Despite these perfectly reasonable explanations for our bird's visit, on these rare mornings when I glimpse our little pond's visiting heron, I like to think he might be here for another reason: Maybe our bird has gone astray because he's a local expression of that theoretical element of chaos without which -- the calculations of astrophysicists assure us -- the ways of the Universe simply can't be explained.

I want to believe that our unsociable shadow of a disoriented bird represents a local expression of utterly impersonal, randomly smiting, always discombobulating chaos because chaos gets things done, one way or another. And it's the only agency I can think of with a proven history of consistently screwing up such things as the fine-tuned, well-moneyed political and economic systems currently threatening Life on Earth.

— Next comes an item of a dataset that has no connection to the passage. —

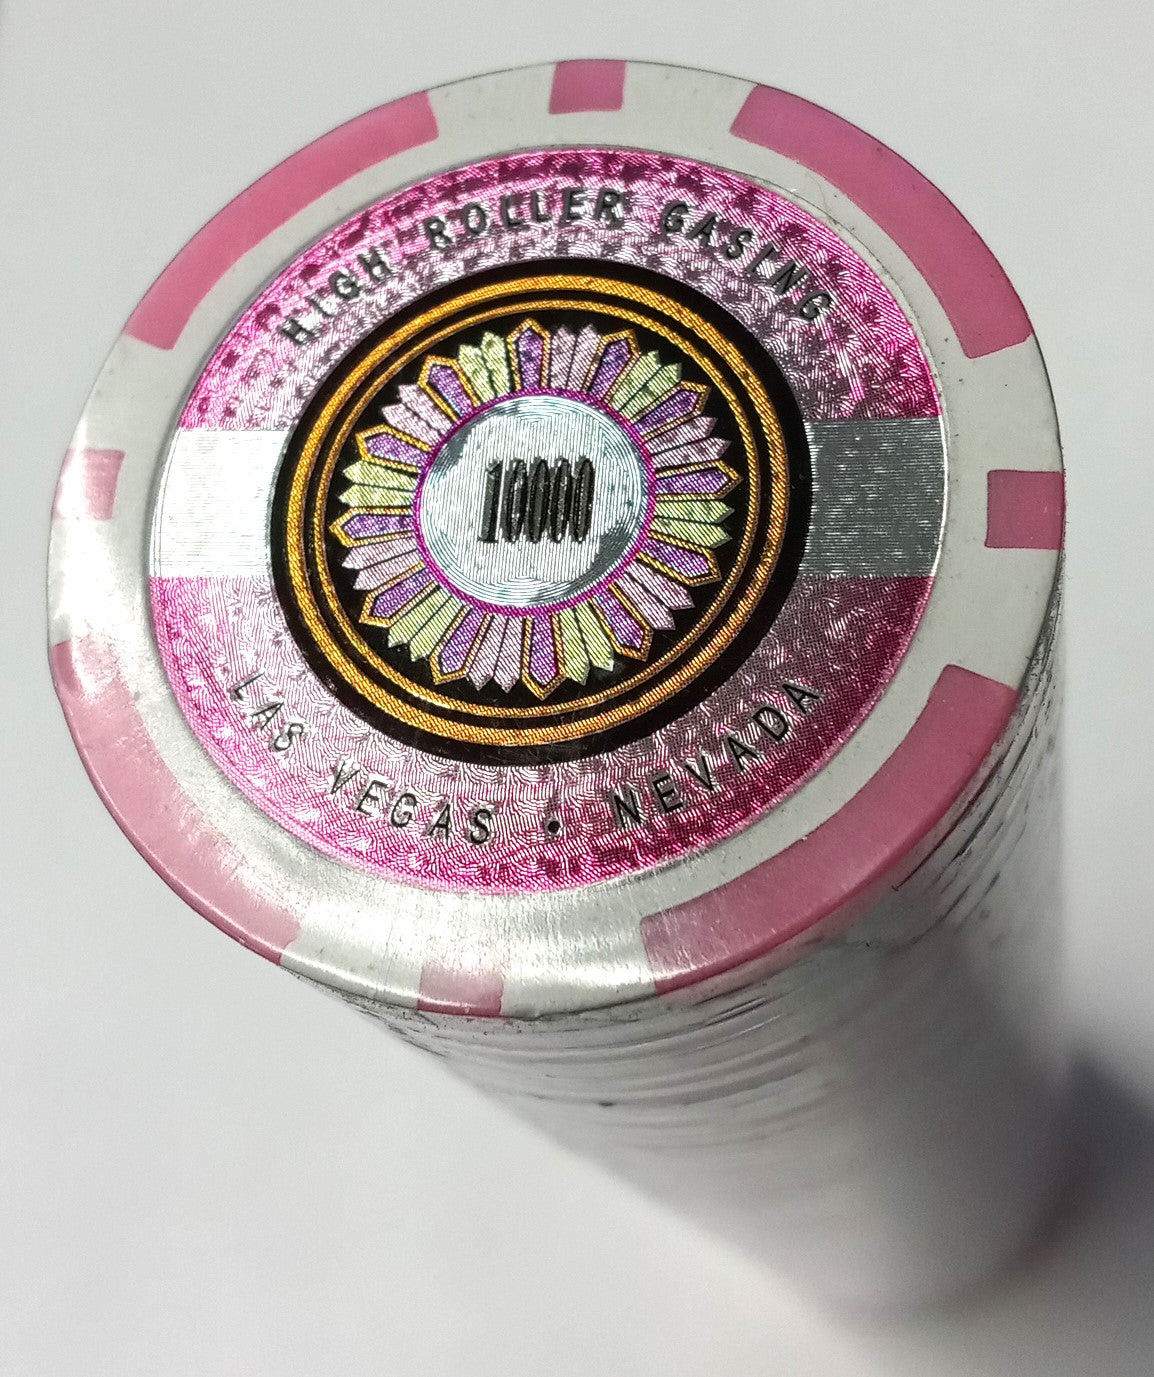 Pink $10,000 High Roller Las Vegas Poker Chips 50pcs

Traditionally, indigenous Americans showed their respect for chaos by giving it a face in everyday life, telling stories to one another about Coyote the Trickster, or a similar joking troublemaker. The Maya around me here have their Alux, even today, making eggs roll off tables, inviting coatis into cornfields for midnight feasts, and even sometimes coming out of nowhere with murderous intentions.

My own culture is so impoverished of traditional wisdom that we have nothing like Coyote or Alux. Clumsily, here I can only invoke the concept in general -- of chaos of the wandering Green-backed Heron kind.